Extracted records
'''

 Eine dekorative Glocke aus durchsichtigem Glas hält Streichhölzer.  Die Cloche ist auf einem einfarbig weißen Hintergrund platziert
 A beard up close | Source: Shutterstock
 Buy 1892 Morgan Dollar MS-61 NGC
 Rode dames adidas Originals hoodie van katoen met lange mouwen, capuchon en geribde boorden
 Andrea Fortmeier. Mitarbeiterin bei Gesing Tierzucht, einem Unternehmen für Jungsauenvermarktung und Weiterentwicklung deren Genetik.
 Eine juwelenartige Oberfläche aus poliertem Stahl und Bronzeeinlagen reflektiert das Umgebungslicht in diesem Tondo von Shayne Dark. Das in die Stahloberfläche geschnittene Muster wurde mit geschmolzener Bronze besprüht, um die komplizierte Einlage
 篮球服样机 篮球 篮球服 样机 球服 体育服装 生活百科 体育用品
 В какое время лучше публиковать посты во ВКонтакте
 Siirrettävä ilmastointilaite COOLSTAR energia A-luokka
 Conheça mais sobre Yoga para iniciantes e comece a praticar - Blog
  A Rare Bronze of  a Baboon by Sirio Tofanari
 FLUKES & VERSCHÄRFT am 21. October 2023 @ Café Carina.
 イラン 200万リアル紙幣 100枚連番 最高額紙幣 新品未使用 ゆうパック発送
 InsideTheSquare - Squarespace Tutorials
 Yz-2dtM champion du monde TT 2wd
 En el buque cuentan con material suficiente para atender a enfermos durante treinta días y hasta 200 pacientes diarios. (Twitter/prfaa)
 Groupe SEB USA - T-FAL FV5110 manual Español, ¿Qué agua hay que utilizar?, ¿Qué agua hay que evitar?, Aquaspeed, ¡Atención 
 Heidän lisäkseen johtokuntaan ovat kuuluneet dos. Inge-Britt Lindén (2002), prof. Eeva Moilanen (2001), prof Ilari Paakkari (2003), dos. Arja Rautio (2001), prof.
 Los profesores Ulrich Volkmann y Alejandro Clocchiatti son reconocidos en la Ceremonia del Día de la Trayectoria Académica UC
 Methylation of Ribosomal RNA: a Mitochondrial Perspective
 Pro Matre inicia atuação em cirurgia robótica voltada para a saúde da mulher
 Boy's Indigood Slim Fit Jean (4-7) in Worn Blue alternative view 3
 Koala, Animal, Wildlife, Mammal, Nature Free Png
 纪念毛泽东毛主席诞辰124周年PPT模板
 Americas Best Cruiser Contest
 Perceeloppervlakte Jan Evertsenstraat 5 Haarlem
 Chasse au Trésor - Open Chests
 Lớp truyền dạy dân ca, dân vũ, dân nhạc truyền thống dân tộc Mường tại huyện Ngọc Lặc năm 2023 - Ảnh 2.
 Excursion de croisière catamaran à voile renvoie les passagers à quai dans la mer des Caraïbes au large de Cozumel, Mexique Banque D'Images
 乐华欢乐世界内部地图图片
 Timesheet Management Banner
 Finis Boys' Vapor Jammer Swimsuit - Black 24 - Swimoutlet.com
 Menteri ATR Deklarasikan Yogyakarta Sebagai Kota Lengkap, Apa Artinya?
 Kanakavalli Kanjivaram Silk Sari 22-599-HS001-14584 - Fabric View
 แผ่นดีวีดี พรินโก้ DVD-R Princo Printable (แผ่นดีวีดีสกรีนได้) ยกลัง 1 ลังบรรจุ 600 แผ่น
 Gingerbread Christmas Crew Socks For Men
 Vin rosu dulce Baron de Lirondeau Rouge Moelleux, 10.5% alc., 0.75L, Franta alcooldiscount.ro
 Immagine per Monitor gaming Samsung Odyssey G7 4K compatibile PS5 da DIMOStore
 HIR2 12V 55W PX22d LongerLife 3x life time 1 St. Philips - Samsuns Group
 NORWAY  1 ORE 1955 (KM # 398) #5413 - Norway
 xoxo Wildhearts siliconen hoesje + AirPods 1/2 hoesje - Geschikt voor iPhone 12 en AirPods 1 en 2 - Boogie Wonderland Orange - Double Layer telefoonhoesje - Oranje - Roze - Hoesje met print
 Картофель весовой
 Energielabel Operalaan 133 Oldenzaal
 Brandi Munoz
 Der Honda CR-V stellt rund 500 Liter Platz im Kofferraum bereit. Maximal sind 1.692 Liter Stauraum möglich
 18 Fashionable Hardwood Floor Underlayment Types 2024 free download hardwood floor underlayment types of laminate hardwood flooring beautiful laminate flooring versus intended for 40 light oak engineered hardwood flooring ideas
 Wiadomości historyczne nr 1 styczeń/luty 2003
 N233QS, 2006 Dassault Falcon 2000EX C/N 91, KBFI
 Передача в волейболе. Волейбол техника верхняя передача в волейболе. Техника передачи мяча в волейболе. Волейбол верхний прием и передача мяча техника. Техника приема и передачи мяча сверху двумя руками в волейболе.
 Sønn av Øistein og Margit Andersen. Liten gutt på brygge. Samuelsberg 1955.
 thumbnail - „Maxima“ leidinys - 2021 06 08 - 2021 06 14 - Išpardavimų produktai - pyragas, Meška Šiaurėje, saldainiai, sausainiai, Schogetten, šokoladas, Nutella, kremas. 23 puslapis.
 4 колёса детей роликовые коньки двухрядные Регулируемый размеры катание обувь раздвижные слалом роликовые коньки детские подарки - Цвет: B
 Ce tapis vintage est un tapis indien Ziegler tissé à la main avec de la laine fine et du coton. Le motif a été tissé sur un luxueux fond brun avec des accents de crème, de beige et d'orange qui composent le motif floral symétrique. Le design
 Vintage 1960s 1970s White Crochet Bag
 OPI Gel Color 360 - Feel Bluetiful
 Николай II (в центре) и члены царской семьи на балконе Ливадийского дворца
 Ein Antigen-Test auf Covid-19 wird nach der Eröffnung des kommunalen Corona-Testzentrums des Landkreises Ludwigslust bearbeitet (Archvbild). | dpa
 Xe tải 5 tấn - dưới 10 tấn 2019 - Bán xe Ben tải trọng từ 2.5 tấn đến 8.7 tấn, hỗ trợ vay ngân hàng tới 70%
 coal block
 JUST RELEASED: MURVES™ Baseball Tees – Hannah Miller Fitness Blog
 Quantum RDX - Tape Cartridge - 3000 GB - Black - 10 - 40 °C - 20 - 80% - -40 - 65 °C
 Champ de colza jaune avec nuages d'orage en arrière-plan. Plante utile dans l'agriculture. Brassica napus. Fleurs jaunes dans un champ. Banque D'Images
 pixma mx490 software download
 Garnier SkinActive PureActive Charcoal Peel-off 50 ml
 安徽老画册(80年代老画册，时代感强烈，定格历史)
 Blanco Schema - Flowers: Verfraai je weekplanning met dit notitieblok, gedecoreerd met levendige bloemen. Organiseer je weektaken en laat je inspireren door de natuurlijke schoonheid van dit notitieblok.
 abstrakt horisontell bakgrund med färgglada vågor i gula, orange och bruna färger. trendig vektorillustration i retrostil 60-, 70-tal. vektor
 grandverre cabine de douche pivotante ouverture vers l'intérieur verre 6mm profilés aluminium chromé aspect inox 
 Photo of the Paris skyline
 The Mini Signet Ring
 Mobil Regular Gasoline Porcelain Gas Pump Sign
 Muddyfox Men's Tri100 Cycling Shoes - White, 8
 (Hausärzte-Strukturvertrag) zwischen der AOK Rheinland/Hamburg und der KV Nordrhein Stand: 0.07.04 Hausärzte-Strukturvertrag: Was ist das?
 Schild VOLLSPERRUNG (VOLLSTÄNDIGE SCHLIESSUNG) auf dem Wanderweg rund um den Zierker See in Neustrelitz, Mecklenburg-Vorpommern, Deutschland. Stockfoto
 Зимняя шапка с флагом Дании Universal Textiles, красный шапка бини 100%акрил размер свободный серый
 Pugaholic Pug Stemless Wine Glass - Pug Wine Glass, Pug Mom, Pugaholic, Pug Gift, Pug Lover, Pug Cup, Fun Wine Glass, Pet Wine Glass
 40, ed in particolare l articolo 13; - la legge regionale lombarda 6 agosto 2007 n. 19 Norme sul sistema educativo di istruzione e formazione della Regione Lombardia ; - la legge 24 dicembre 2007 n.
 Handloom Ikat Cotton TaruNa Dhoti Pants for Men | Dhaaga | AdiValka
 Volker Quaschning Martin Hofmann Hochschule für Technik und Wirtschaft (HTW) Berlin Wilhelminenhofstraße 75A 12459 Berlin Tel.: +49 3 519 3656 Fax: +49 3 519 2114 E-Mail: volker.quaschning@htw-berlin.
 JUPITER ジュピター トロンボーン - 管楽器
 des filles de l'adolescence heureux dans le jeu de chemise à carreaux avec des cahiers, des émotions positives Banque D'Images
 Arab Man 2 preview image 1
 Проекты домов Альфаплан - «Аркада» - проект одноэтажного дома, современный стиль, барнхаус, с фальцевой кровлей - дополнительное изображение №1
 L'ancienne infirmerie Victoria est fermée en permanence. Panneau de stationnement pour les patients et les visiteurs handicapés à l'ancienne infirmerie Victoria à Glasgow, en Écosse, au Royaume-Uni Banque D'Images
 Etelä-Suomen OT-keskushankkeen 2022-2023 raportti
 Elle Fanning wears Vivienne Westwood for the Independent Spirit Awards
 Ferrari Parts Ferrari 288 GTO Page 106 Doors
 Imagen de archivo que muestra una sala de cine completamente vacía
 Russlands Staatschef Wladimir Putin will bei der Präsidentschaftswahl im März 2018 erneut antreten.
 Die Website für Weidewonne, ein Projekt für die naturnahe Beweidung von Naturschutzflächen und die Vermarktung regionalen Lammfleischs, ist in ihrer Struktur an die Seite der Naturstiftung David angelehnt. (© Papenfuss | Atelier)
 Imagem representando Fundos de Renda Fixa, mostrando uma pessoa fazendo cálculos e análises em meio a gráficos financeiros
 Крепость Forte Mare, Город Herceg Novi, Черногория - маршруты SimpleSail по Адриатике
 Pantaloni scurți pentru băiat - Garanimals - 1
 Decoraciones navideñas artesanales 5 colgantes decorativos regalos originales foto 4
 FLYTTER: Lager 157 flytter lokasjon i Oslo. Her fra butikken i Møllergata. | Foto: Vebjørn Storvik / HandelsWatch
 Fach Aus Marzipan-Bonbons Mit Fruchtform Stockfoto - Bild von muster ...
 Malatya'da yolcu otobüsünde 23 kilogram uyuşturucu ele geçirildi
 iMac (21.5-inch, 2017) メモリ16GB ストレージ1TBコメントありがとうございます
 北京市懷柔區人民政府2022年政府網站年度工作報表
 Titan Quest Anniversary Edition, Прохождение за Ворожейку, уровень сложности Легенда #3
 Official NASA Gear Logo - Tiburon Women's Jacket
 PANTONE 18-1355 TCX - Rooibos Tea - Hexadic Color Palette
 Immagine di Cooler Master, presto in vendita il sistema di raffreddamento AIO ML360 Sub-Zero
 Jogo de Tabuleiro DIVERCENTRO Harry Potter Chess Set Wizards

'''

▶ **HOW TO COMPLETE THIS TASK**
Check each line of the data above, and please copy the ones in which the string "Blog" occurs.

▶ **RESPONSE TO THE EXERCISE**
 Conheça mais sobre Yoga para iniciantes e comece a praticar - Blog
 JUST RELEASED: MURVES™ Baseball Tees – Hannah Miller Fitness Blog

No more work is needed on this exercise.